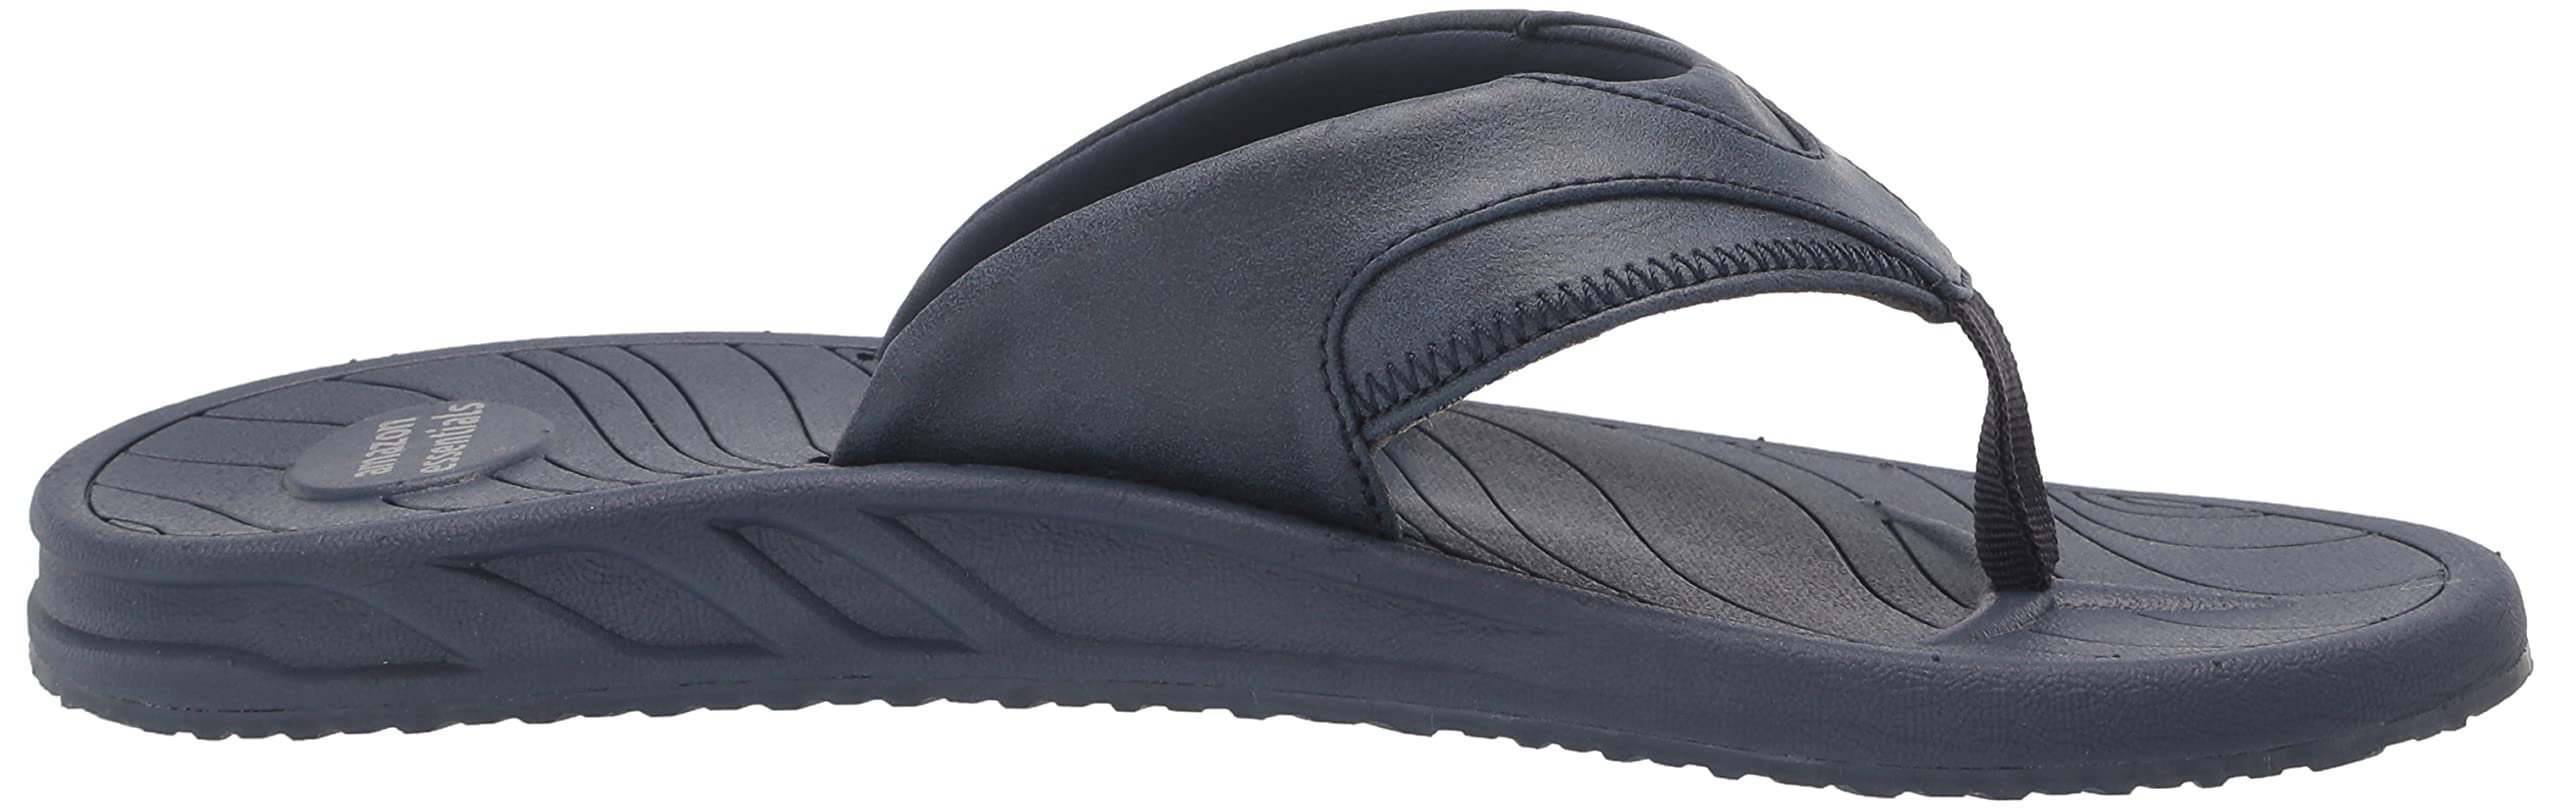 Amazon Essentials Men's Flip Flop Sandal
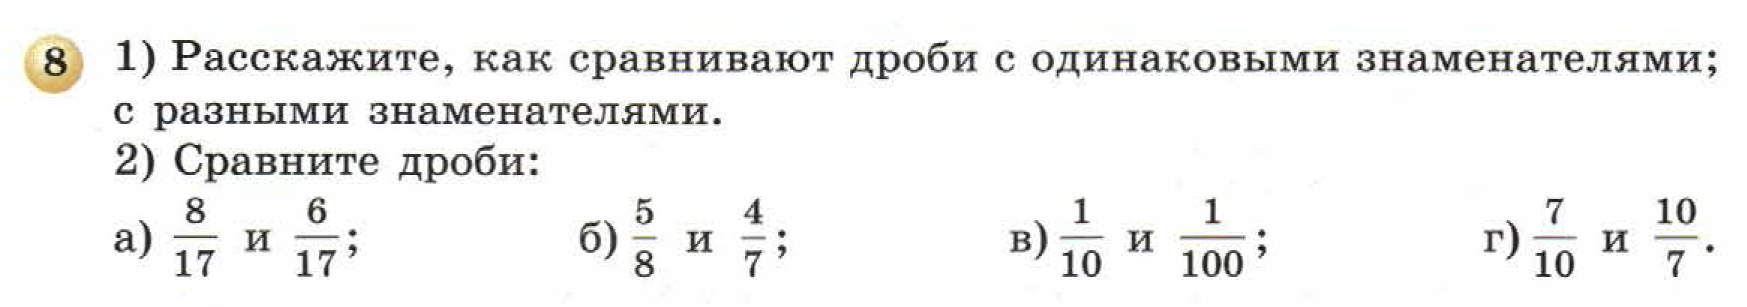 решебник по математике Бунимович 5 класс условие итоги главы 8 задание 8
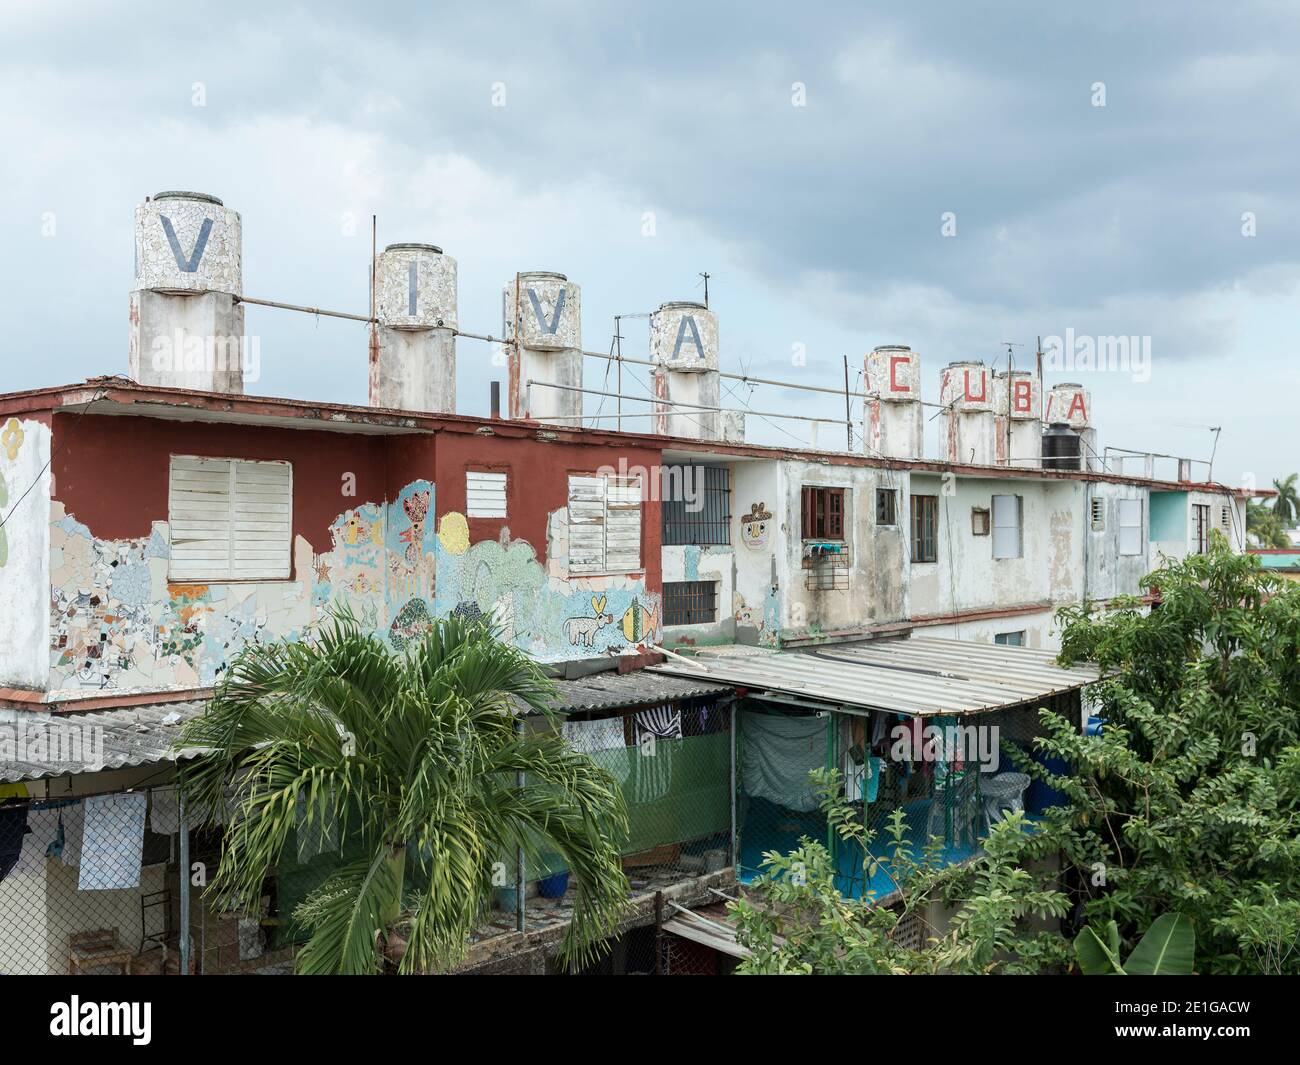 Fusterlandia ist ein Projekt am Stadtrand von Havanna, Kuba, das vor etwa 20 Jahren begann und mehrere Vorstadtblocks mit stilisierter öffentlicher Kunst umfasst Stockfoto

• _EXERCISE GOAL_:
The lines above should be transcribed exactly, with every image removed.

• _TASK RESULT_:
 Amazon Essentials Men's Flip Flop Sandal
 решебник по математике Бунимович 5 класс условие итоги главы 8 задание 8
 Fusterlandia ist ein Projekt am Stadtrand von Havanna, Kuba, das vor etwa 20 Jahren begann und mehrere Vorstadtblocks mit stilisierter öffentlicher Kunst umfasst Stockfoto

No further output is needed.